AI Data Engineer in India at Jobgether
Explore Related Opportunities
Job Description
This position is posted by Jobgether on behalf of a partner company. We are currently looking for an AI Data Engineer in India.
This role is centered on building and scaling the data infrastructure that powers advanced analytics and AI-driven applications across a global financial environment. You will design robust, distributed data pipelines that enable real-time and batch processing of large, complex datasets. The position plays a critical role in ensuring data is reliable, accessible, and optimized for machine learning and business intelligence use cases. You will collaborate closely with ML engineers and data teams to bridge the gap between raw data and production-ready AI systems. The environment is highly technical and fast-paced, requiring strong ownership and deep engineering expertise. Your work will directly influence how data is structured, governed, and leveraged to support high-impact financial and analytical decision-making.
- Design and implement scalable distributed data pipelines for both batch and real-time data processing.
- Build and maintain data ingestion frameworks using streaming technologies (Kafka, Kinesis) and batch processing tools (Spark, Airflow).
- Develop and optimize data models and warehouse schemas to support analytics and machine learning workloads.
- Create and manage feature stores to enable efficient ML training and inference pipelines.
- Integrate data from multiple internal and external sources into unified, reliable data architectures.
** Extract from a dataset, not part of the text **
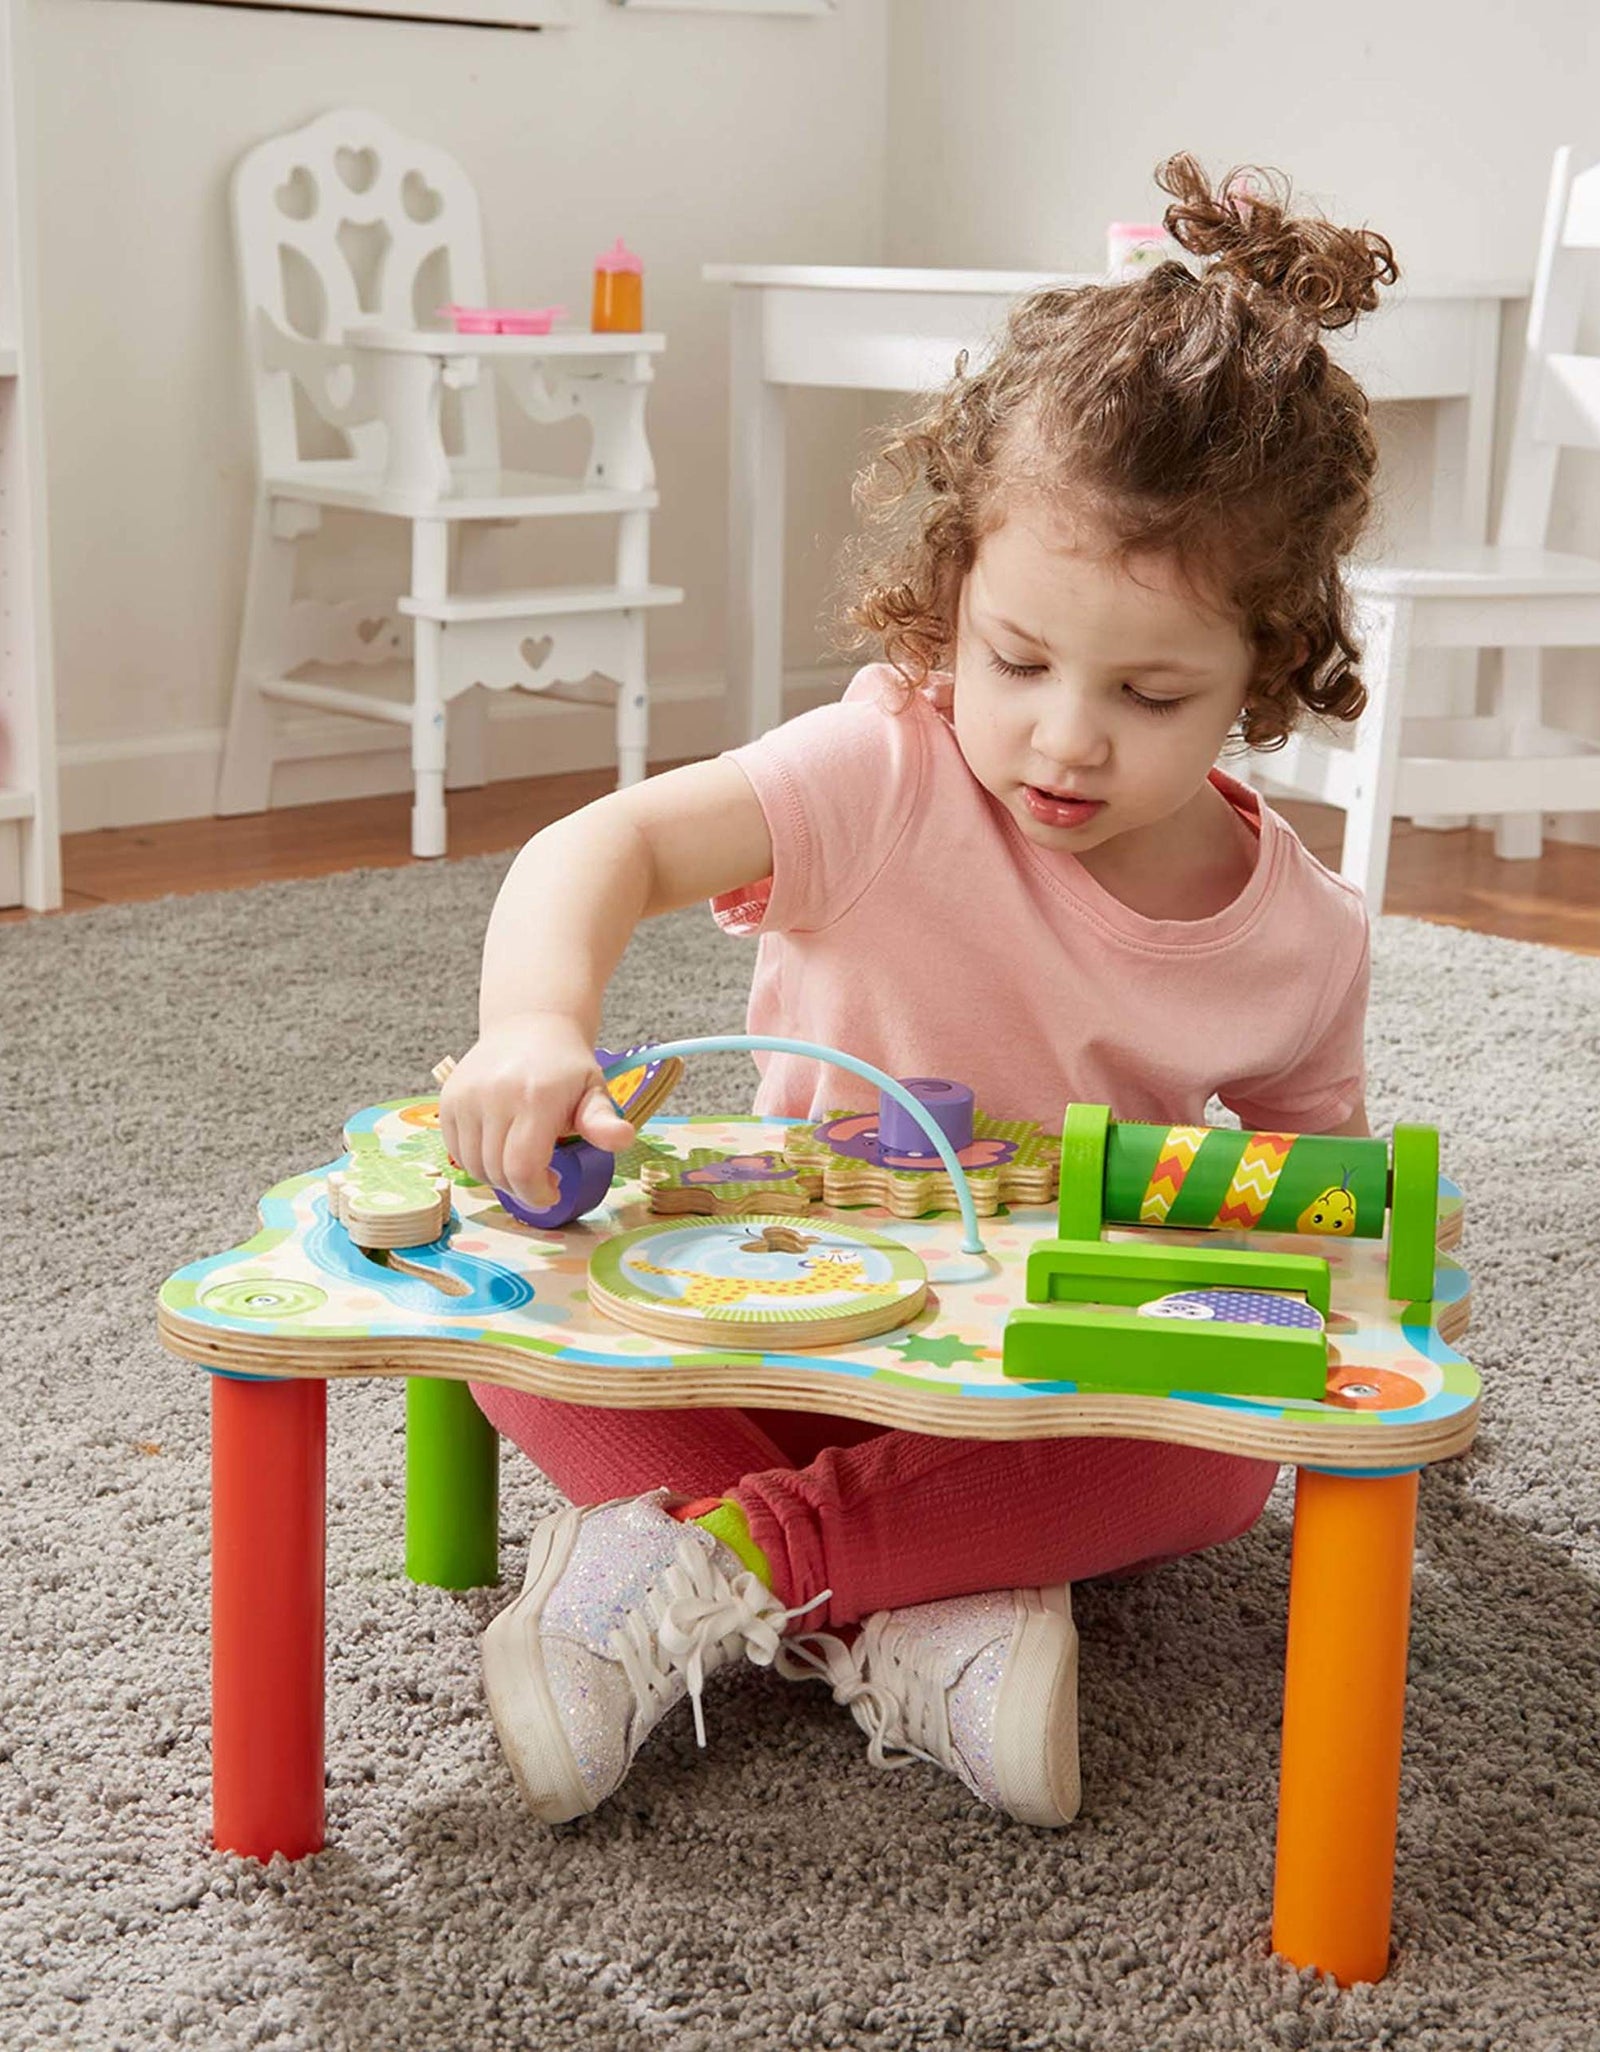 Melissa & Doug First Play Children’s Jungle Wooden Activity Table for Toddlers

- Implement data quality validation frameworks, monitoring systems, and performance optimization strategies.
- Ensure real-time data availability for AI and analytics-driven applications.
- Collaborate with ML engineers to align data pipelines with model development and deployment needs.
- Enforce data governance, security, and compliance standards across all data systems.
- Strong proficiency in SQL and Python for large-scale data processing and engineering tasks.
- Hands-on experience with big data frameworks such as Apache Spark and Hadoop.
- Solid experience with streaming systems like Kafka and Kinesis.
- Knowledge of ETL/ELT tools including dbt, AWS Glue, and Airflow.
- Strong understanding of cloud platforms (preferably AWS) including S3, EMR, Lambda, and Glue.
- Experience with data warehousing solutions such as Snowflake, Redshift, or BigQuery.
- Solid understanding of data modeling techniques (star schema, normalization, dimensional modeling).
- Experience building scalable distributed data systems and pipelines.
- Exposure to ML pipelines, feature engineering, and data preparation for AI models.
- Familiarity with data governance, lineage, and monitoring best practices.
- Competitive compensation with performance-based incentives.
- Opportunity to work in a global, high-growth financial technology environment.
- Strong career progression opportunities within an international organization.
- Exposure to cutting-edge data engineering and AI-driven systems at scale.
- Collaborative and innovation-focused engineering culture.
- Work environment driven by excellence, ownership, and continuous learning.